Однако воплотить решение в жизнь оказалось непросто: нужных инструментов для монтажно-слесарных работ у семьи Сергеевых не нашлось. Николай почесал в затылке:
– Про инструменты я не подумал, сейчас домой сгоняю.
– Подожди, – остановил друга Андрей. – У нас сосед хозяйственный, у него должны быть.
Анатолий Игоревич, фельдшер психиатрической бригады, оказался не только хозяйственным, но и «с руками». Он принес ящик с инструментами, дрель, стремянку и, отодвинув друзей, сказал:
– Посидите пока, не путайтесь под ногами, это не врачебная процедура.
Через сорок минут новый замок и складская сигнализация были установлены, проверены и приняты отделом технического контроля в лице Николая Неодинокого. Оценив качество и скорость работ на пять с плюсом, Коля потер руки и потребовал по сто грамм для себя и мастера.
– Так нет ничего, – развел руками Андрей.
– Ну, старик, ты вообще не подготовился, – проворчал Николай и достал из бездонной сумки бутылку водки. Оксана подогрела на сковородке свои фирменные пирожки с мясом, Анатолий Игоревич принес вяленую воблу. Вечер удался.
– Ну все, можете теперь спать спокойно, – сказал Николай, прощаясь. – Никто к вам больше не залезет.
Как показали дальнейшие события, это утверждение было преждевременным.
Глава 10
Проституция – социальный и нравственный порок буржуазного общества. Советское общество, общество строителей коммунизма, освободило женщину от неравенства, дало ей истинные ценности: семью и труд – и навсегда покончило с этим постыдным явлением.
Газета «На смену»
Звонок в дверь раздался, когда еще не было девяти. «Кого там принесло в такую рань? – подумала Светлана, поднимаясь и отчаянно зевая. – Целый час еще можно спать». Директор «комка», клиент богатый и щедрый, один недостаток – старый, ушел только в первом часу ночи. Обычно он в десять домой к супруге бежал. Но вчера супруга уехала куда-то, и директор загулял. Выпили две бутылки шампанского вместо привычной одной. И в постель они целых три раза укладывались, откуда только силы взялись в его-то возрасте? Правда, в третий раз у него ничего не получилось, как Светлана ни старалась.
Звонок повторился.
– Да иду я, иду! – крикнула Светлана, набрасывая импортный шелковый халат с широченными рукавами и яркими рисунками: цветами, птичками, черепашками. Халат назывался фурисодэ, Светлана целую неделю заучивала название. Подарил халат клиент, ответственный работник Внешторга. Щедрый был клиент, добрый, жалко – перевели в другой город.

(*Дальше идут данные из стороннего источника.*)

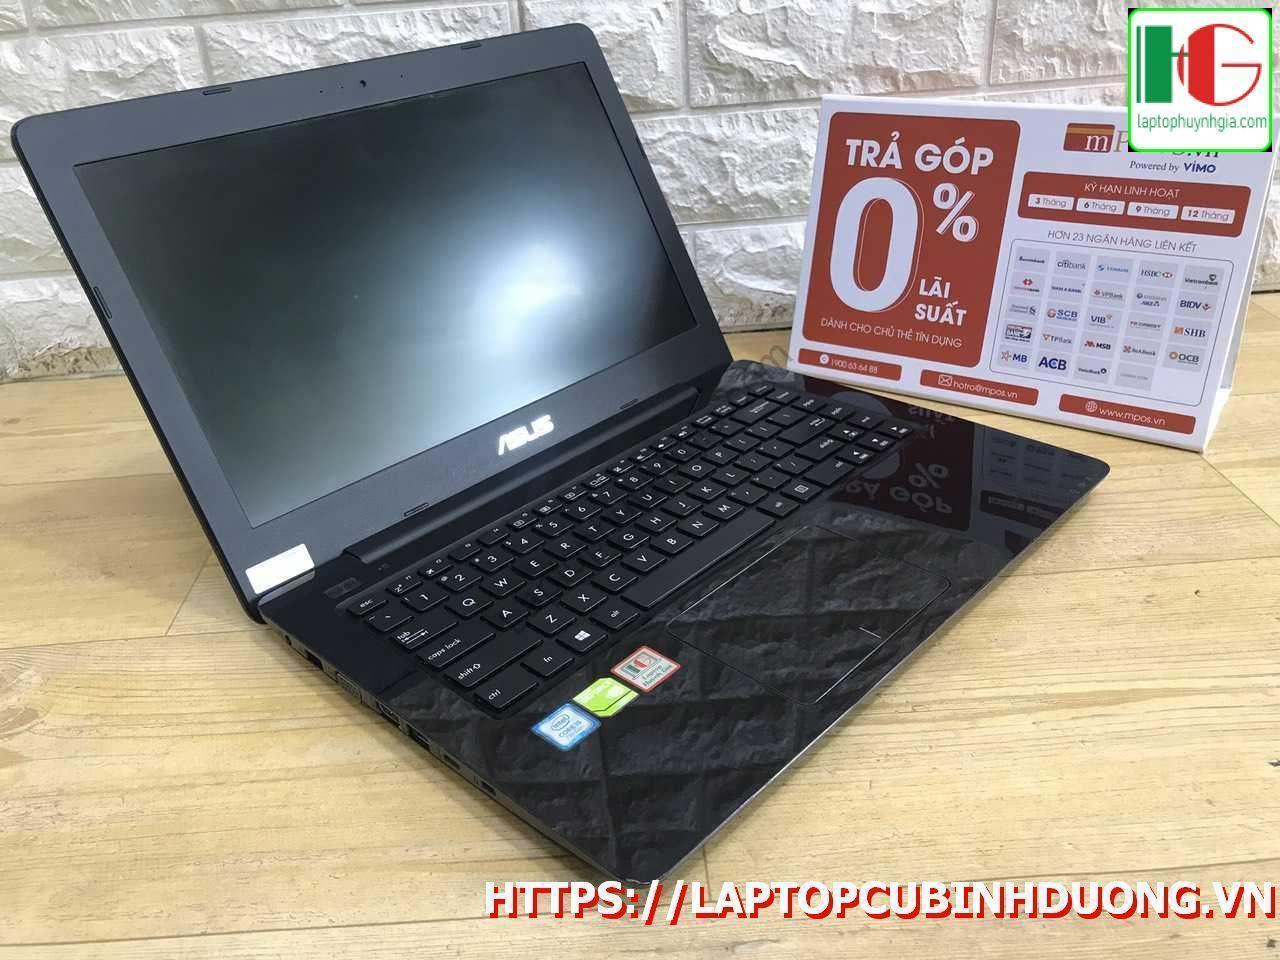 Laptop Asus X456 I5 7200u 4g Ssd 128g Nvidia Gt930mx Laptopcubinhduong.vn [kích Thước Gốc] Result

Проходя мимо зеркала, Светлана мазнула губы помадой и наскоро расчесала волосы. Мало ли кто там за дверью? Вдруг слесарь из «АвтоВАЗа» раньше положенного заявился? Нельзя перед мужиком лахудрой выглядеть. Время у слесаря было по средам после десяти. Сегодня как раз среда, десяти еще нет, но клиенты не всегда расписание соблюдают. Слесарь числился в разряде перспективных клиентов: молодой, неженатый, хорошо зарабатывает.
Всего клиентов у Светлана было восемь, и приходилось постоянно следить, чтобы, не дай бог, мужики не столкнулись лбами на лестничной площадке. Во избежание недоразумений Светлана составляла график работы на неделю вперед и записывала дни и время в школьной тетради в клеточку.
В свои двадцать девять Светлана никогда «на дядю», то есть на государство, не работала. Окончив сельскую школу-восьмилетку, она приехала в город, поступила в медицинское училище и на втором курсе родила дочку. Папаша, выпускник техникума, уехал за длинным рублем на БАМ[25], там и затерялся, ни писем: ни денег Светлана от него не получала. Училище пришлось бросить, из общежития ее выгнали, домой с ребенком без отца возвращаться – сгоришь со стыда, вся деревня будет шушукаться и кости перемывать. В общем, хоть в петлю лезь. Хорошо подруга подсказала, как поправить положение, денег заработать и пожить нормально. Сказала: «С твоей-то внешностью будешь как сыр в масле кататься». Вот Светлана и «каталась» уже десятый год. Во избежание статьи за тунеядство числилась уборщицей в доме быта, но половую тряпку ни разу в руках не держала – еще не хватало, чтобы руки были красные и хлоркой воняли. Запись в трудовой книжке Светлана отрабатывала раз в неделю по четвергам, принимая директора дома быта на своей роскошной югославской кровати.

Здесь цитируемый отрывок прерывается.